- Collected material -
------------------------------

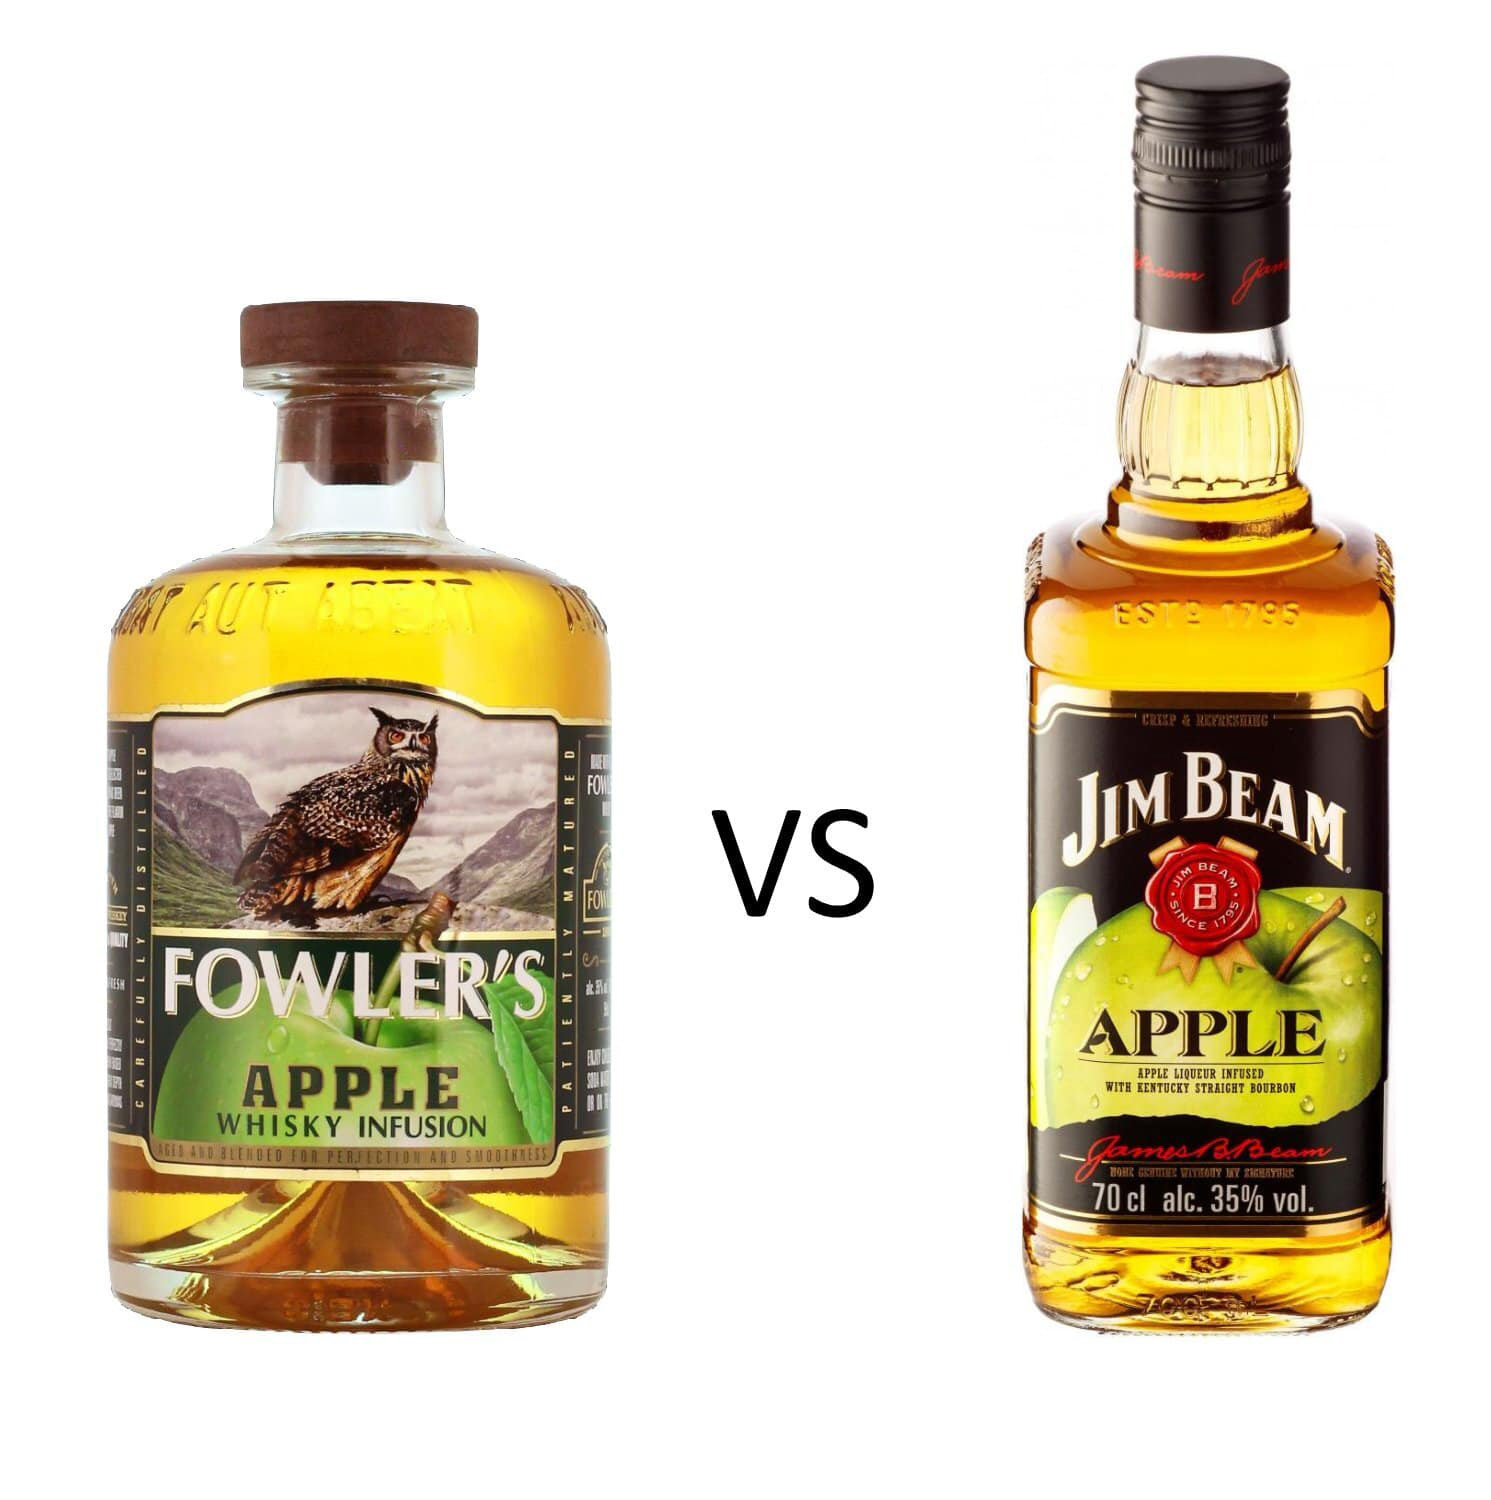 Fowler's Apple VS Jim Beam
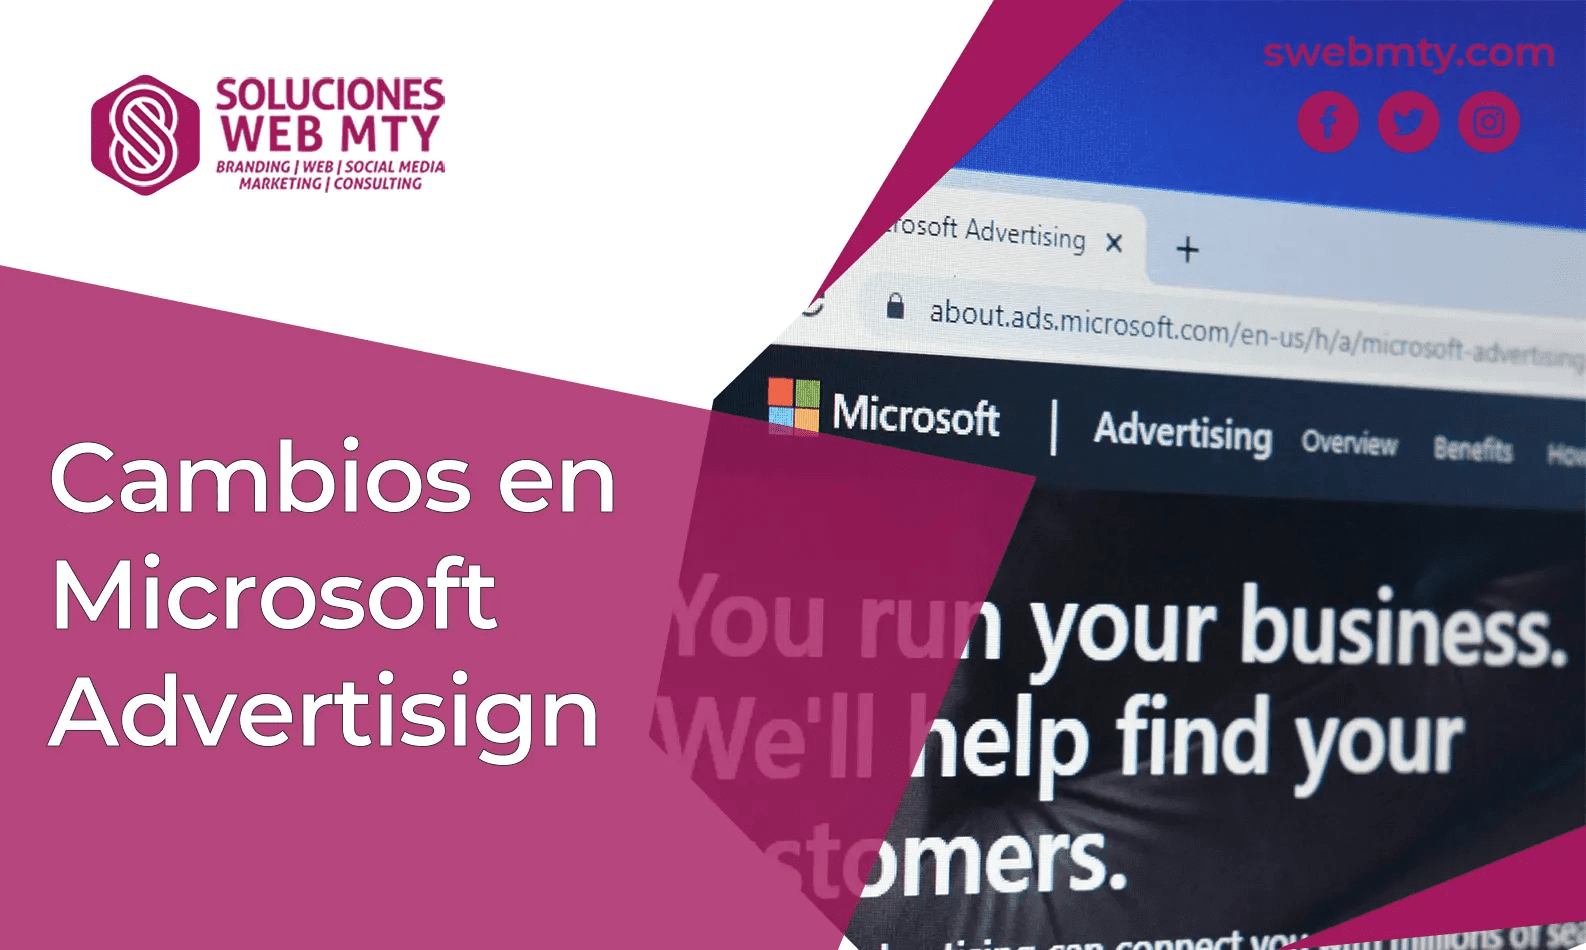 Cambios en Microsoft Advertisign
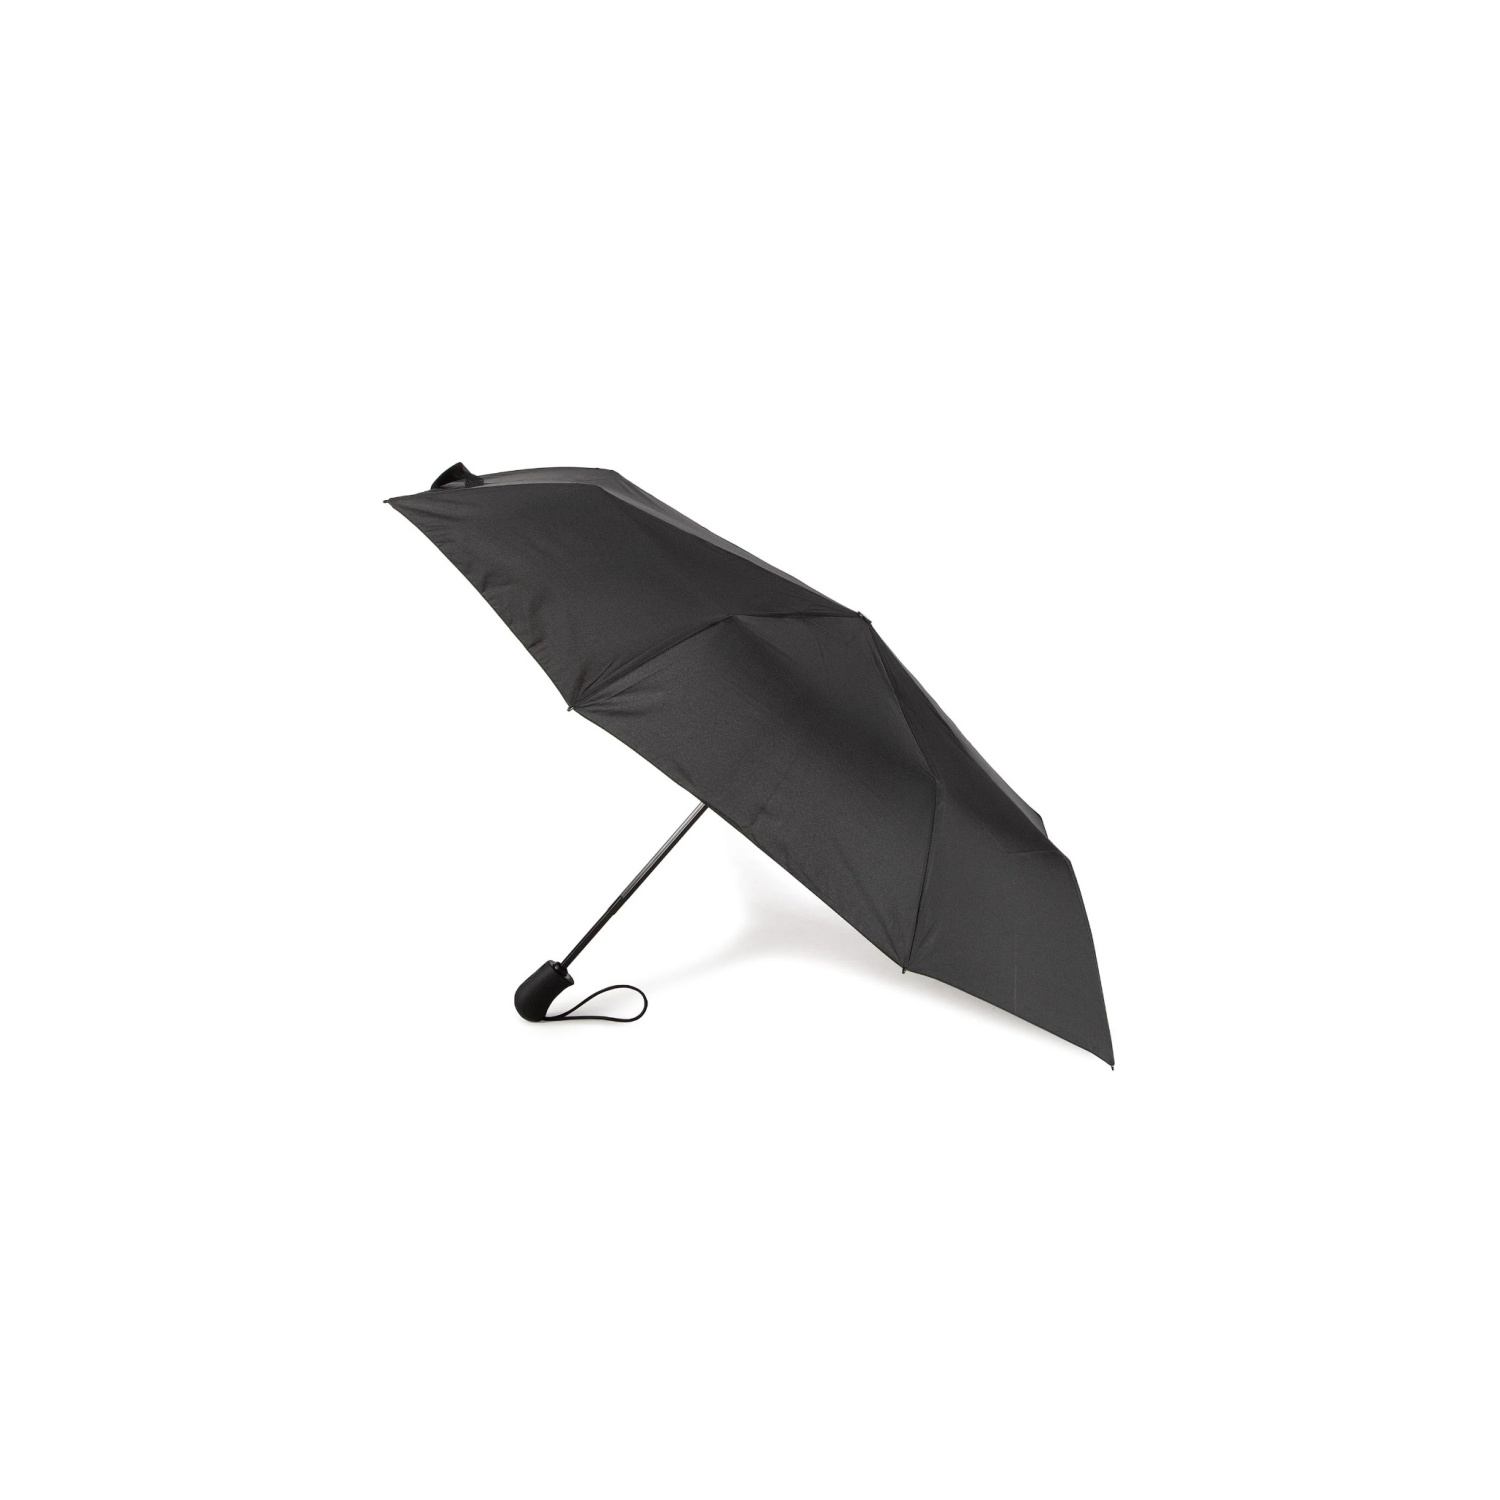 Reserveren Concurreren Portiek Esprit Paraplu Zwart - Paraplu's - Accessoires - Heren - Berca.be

------------------------------

- What you will do -
A word-for-word restatement of all the lines above is needed, with the pictures omitted.

- Exercise solution -
 Fowler's Apple VS Jim Beam
 Cambios en Microsoft Advertisign
 Reserveren Concurreren Portiek Esprit Paraplu Zwart - Paraplu's - Accessoires - Heren - Berca.be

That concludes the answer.